And companies will play a key role in reducing greenhouse gases

Most experts believe that some sort of market mechanism will need to be developed to encourage them to curb their emissions of C02.

Two quite different models have been developed to price such emissions: a carbon tax and a cap-and-trade system - but disagreement remains over which model would be the most effective.


This proposal is simple - impose a levy on polluters based on the amount of emissions they release.

This is often known as a carbon tax, though in theory it could also apply to other greenhouse gases.

The money raised from the tax could then be channelled to research and develop low-carbon technologies and clean energy.

The idea is that polluters, such as large power firms, are encouraged to reduce their emissions, while entrepreneurs can be encouraged to develop alternatives.

Businesses often insist that the biggest hurdle is unpredictability - it makes managing risk or plan investment difficult.
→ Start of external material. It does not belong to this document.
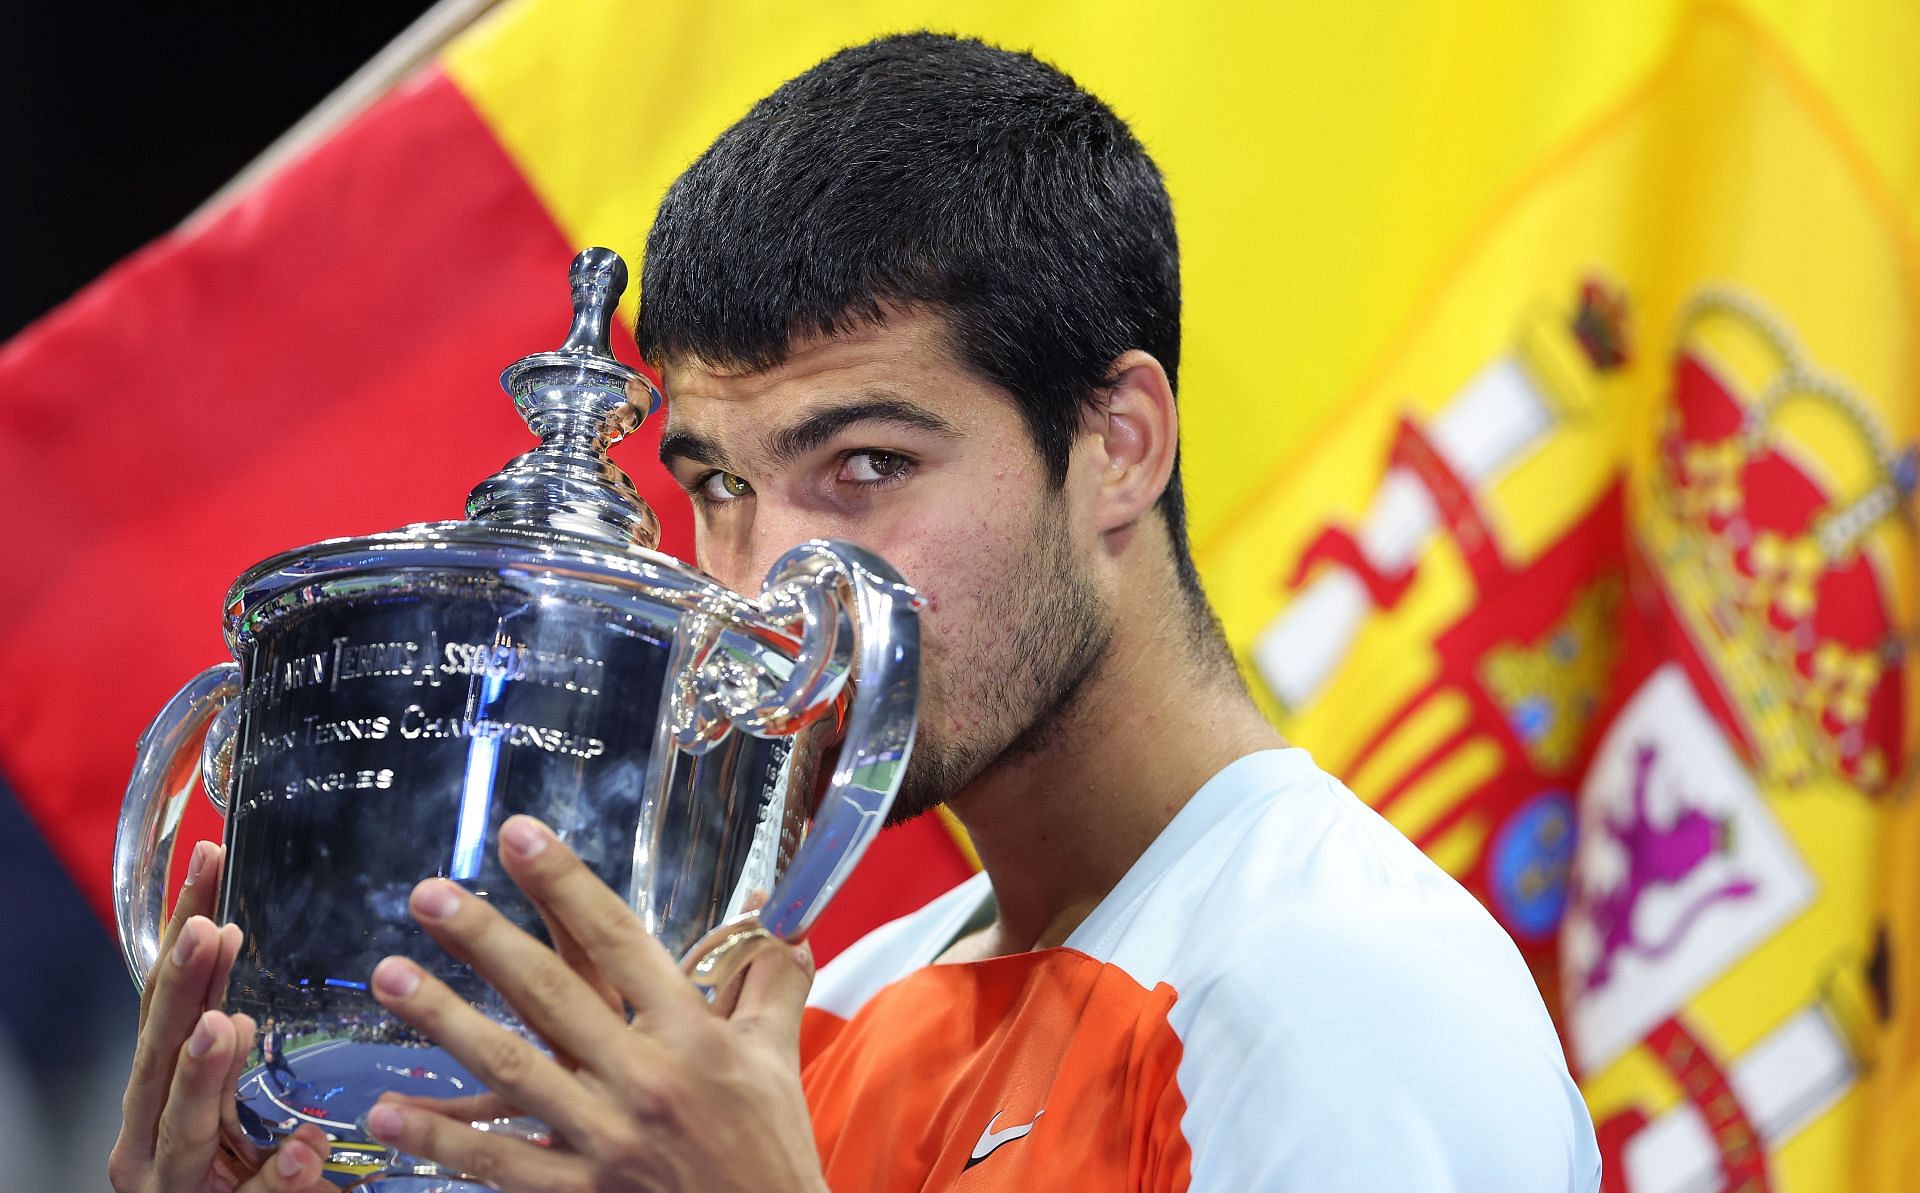 Carlos Alcaraz to take a private plane to represent Team Spain in Davis Cup after winning US Open 2022

The benefit of a carbon tax is that firms and investors can plan ahead.

Another benefit is that money raised can be collected by the government using the existing tax system.

But critics say such a tax is too blunt an instrument, and simply punishes certain sectors.

If, for example, a power firm has already significantly reduced its emissions, then the easiest available way to make further cuts might simply be to reduce output.

Some argue that a carbon tax would be politically difficult to pass, because of resistance from industry and strong lobby groups.

Proponents, meanwhile, say by dint of being universal it is not subject to the same pressures of handing out carbon credits.

But faced with another tax, some critics believe polluters might simply pass on the cost to consumers rather than actually reducing emissions - though this would only work if consumers remained loyal despite rising prices.

Moreover, once the government has collected the tax, there would be no guarantee that it would spend it in the best way to encourage cleaner technologies.


The main alternative to the carbon tax proposal is the cap-and-trade system.

Firms either opt to reduce their emissions directly - or they can buy the right to keep polluting.

The idea of a cap-and-trade model to tackle pollution goes back several decades. In the 1970s the US Environmental Protection Agency established a scheme to trade sulphur dioxide and nitrous oxide to tackle acid rain.

EU must cut emissions by 8% from 1990 levels by 2012
Each nation agrees to a National Allocation Plan with the European Commission
ETS covers about 40% of the EU's total CO2 emissions, including large polluters.
By 2012, all flights within, to and from EU will be covered

Today, there is only one scheme - the European Trading Scheme (ETS) started in January 2005 - that obliges firms in selected sectors to meet binding carbon emissions targets.

Industries in the ETS include power generation, iron and steel, glass and cement. About 40% of the European Union's total CO2 emissions are covered by the scheme.

The ETS will cover commercial flights within the EU from 2011, and all flights to and from the EU in 2012.

Interest elsewhere has grown for this model. Australia has a voluntary carbon trading scheme as does Chicago.

But the ETS scheme - deemed the benchmark in the industry - faced major criticism in 2006 after it transpired that the emissions limits on the large polluters had been too lax.

Governments distributed permits free of charge, allowing their recipients to keep polluting.

Several companies then discovered that they could meet the targets relatively easily. They found themselves with a surplus of credits, which they could then sell for a profit.

This surplus sent the price of carbon - measured per tonne - plummeting.

If permits are overly cheap, then there is no incentive for firms to reduce emissions because they can continue to pollute at relatively low costs.

The cap-and-trade model has been backed by some of the largest energy businesses, including Alcoa, Duke Energy and General Electric.

Unless the system is comprehensive and includes all sectors and nations, its impact will be limited.

Neither the US, the world largest greenhouse gas emitter, nor China, which is set to be the biggest this year, have binding targets.

As far as mitigating climate change goes, cap-and-trade only works if the limits are tight enough to bring about the necessary reductions in emissions.